Vision-Based Analysis of Soft Story, Short Columns, and Vertical Geometry in RC Structures
(Elsevier Science Inc, 2025) Yavariabdi, Amir; Asik, M. Fatih; Dogan, Gamze; Arslan, M. Hakan
In countries located in active seismic zones, it is very important to carry out a risk analysis of the existing building stock and to priorities buildings according to their risk status in order to implement effective and improvable measures. In this context, the earthquake risks of hundreds of thousands of buildings in cities, especially residential buildings, need to be assessed, especially in countries that experience major earthquakes, such as T & uuml;rkiye. Due to the uneconomical and time-consuming nature of detailed analyses for such a large building stock, Rapid Seismic Assessment Methods (RSAM) are very useful for prioritising at-risk structures. However, rapid assessment methods can also require the use of many technical experts, which can lead to differences in interpretation based on their knowledge, expertise and experience in the relevant field.
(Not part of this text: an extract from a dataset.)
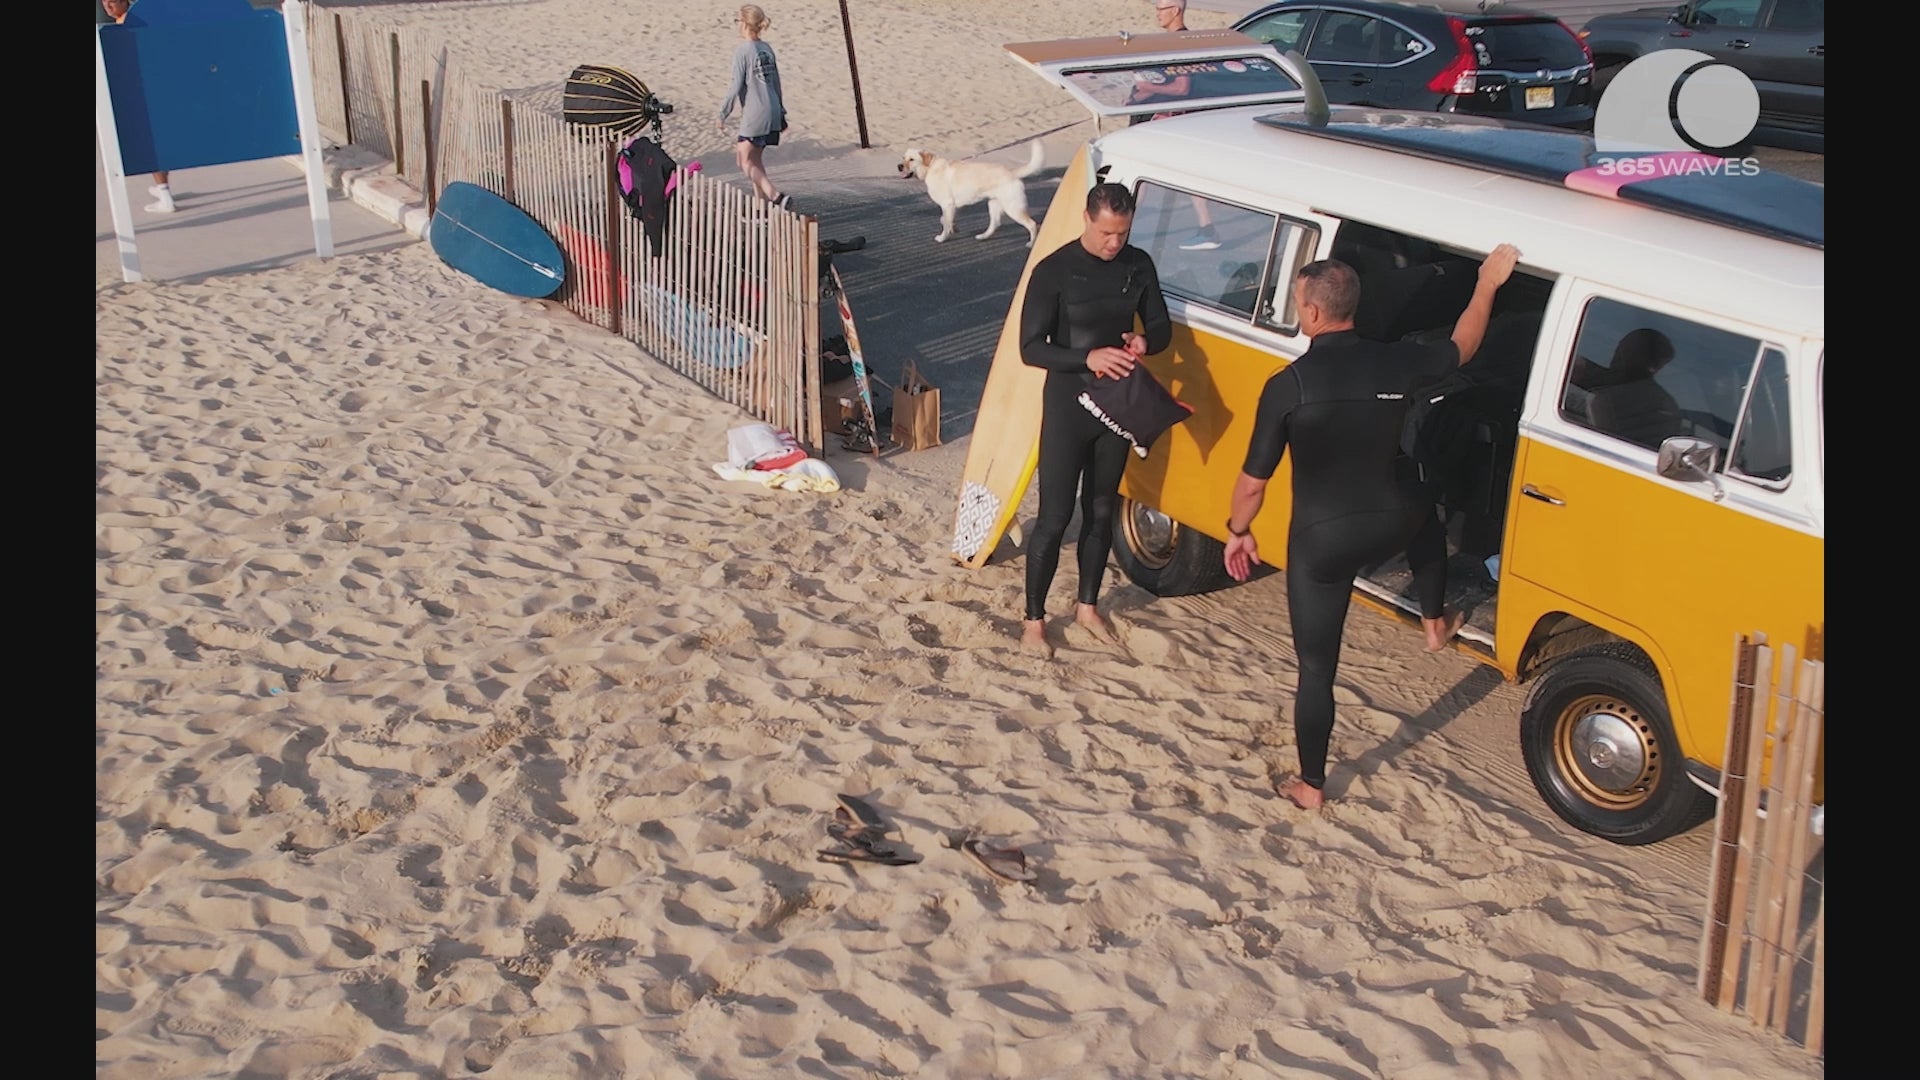 A video of two men using the Changing Mat/Dry Bag on a sandy beach to keep a yellow VW van dry from their wetsuits

It is very important that the assessment is as standardized as possible to be able to predict the presence of significant structural irregularities for a large building stock and to make decisions on seismic risk quickly and measurably. To achieve this, this paper proposes a two-step deep learning-based framework to automatically extract structural features such as soft stories, short columns, and standard floor windows from building facade images and to estimate the total building height. In the first step, the You Only Look Once version 5 (YOLOv5) object detection model is used to identify key architectural elements associated with seismic vulnerability. In the second step, the detected architectural elements along with the facade image are analyzed to estimate building height. The framework is trained and evaluated using a dataset of 4500 facade images collected from Google Street View (GSV). The results demonstrate the method's potential for large-scale, standardized, and rapid seismic risk assessment in urban environments.